A proper Release build would enable optimizations, where the compiler will minify code, renaming variables and changing many human-readable blocks to obtuse Boolean statements. Code comments are also lost.

But can you reverse engineer this code and understand it? Yes, with enough time. But you can usually make any small tweaks you want, and recompile, in mere minutes.

Now enters Obfuscators. These compiling tools really mix up code, moving around logic blocks, variable names, and so on. Their purpose is to make code reverse-engineering more difficult. Nonetheless, you can still decompile them, make any small change if you can manage to figure it out, and then recompile.

Now enters code signing, you’ve create a new DLL but you lack the signing keys of the original so you can’t just drop it in under an exe, it demands trust. So you just recompile the exe itself, and run a stack of bootleg compilations.

Anyways, go get JetBrains DotPeek and decompile some of your video game files, you’ll be surprised what you get. Now if the game was written in C/C++ there’s no hope. We’re talking about .Net C#, but that’s most Unity games.

Anonymous 0 Comments

Programmers write in “high-level” languages where one step does a lot. Computers work in very low-level languages, where one step does a tiny thing. There’s software that translates what the programmers said into a program the computer can understand. And that program is what’s actually on the computer, not what the programmer originally wrote.

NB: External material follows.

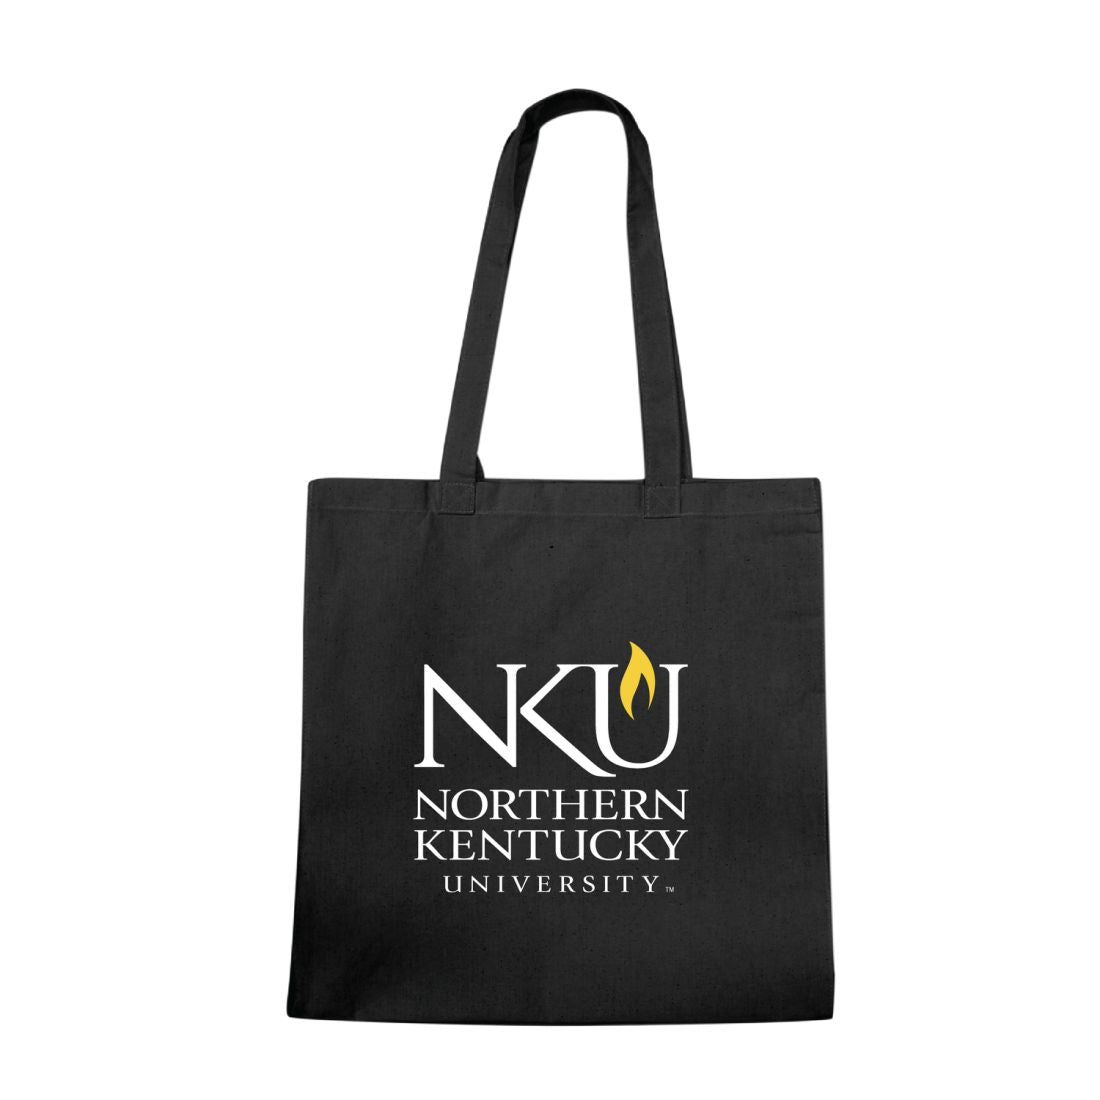 NKU Northern Kentucky University Norse Institutional Tote Bag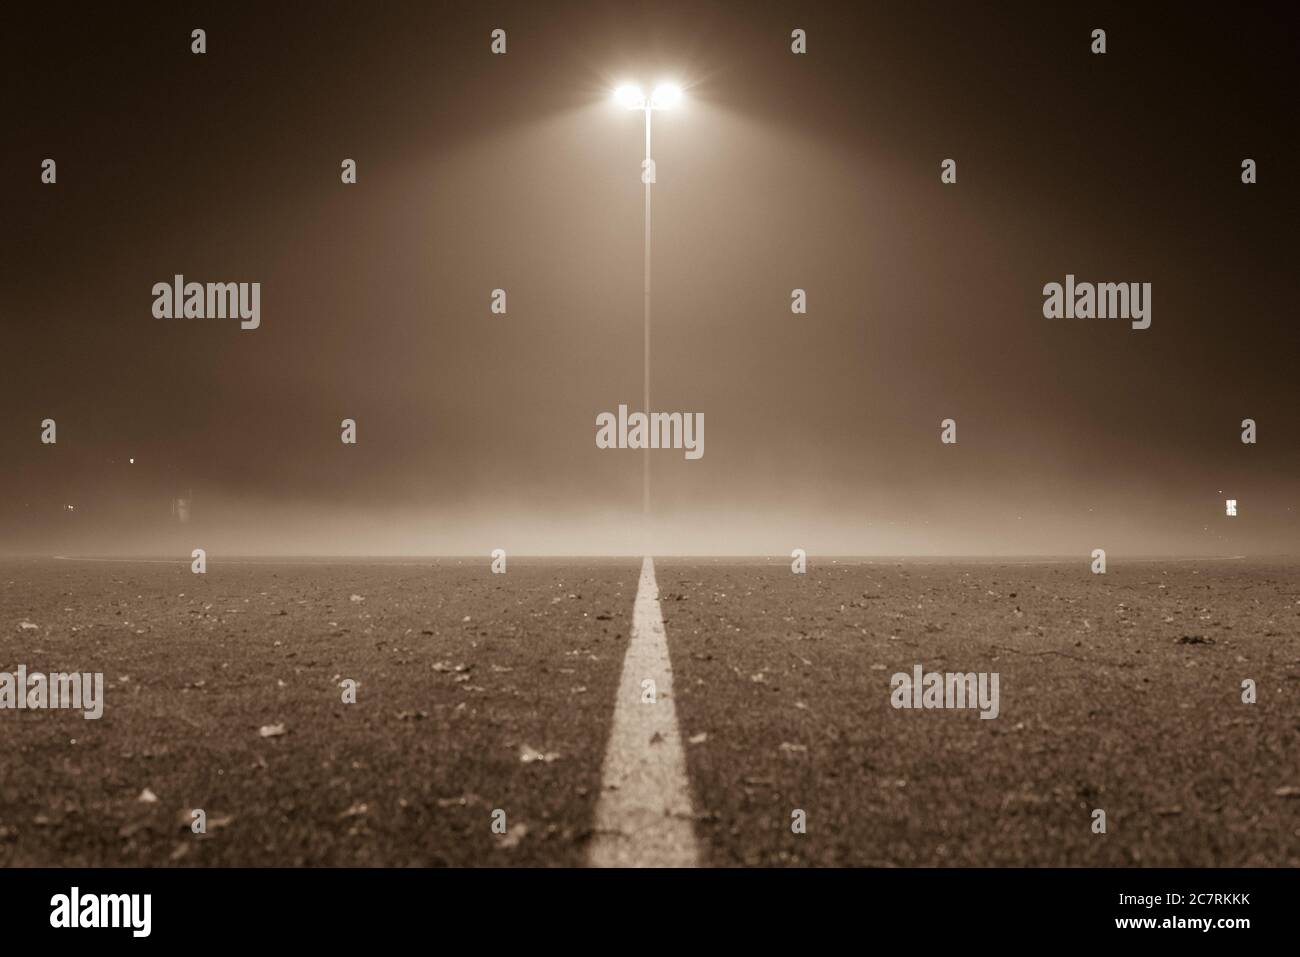 Foggy Footballfield, Soccer, football field at night with fog, lantern and fog, black and white photo Stock Photo

By analogy, let’s say I told you “put your shoes on, go down to Jimmy’s house and put this letter in his mailbox, then come back” — that might be the “source code.” The “object code” would be closer to “look down. Is your shoe there? If it is, then go to the part of the instructions where we tell you to put it on. Look to the left. Is your shoe there? If it is…. [60 pages later] bend your left knee. move your left leg forward. Extend your left knee. Bend your right knee….. Look to the left. Are you at Jimmy’s House? If not, then go back to the left knee part.” You might be able to look at the first part and realize “Oh, this is just looking for your shoes.” But, that process takes a lot of time and thinking — there’s software that can help with it, but it’s still mostly a manual process.

Anonymous 0 Comments

It’s compiled down to a binary file (executable) before it’s published to your computer. Your computer only has the final product.

To get the source, you would have to convert the binary back to assembly code, then convert the assembly code back to the high level language from whence it came (like C), keeping in mind that the compiler may have optimized the original source code in the first place. You can do this with a publicly available product called Ghidra, but since it doesn’t know variable names, you’d have to sift through the decompiled code and rename all the variables and rebuild all the structs as you begin to understand it.

It’s fun.

Anonymous 0 Comments

There have been some really good analogies but I want to give a bit more insight… might be slightly ELI10:

Code is just human readable instructions. But the process of “compiling” code is converting those human readable instructions into machine readable instructions. And it’s really tough to understand those machine readable instructions because it’s just 0s and 1s.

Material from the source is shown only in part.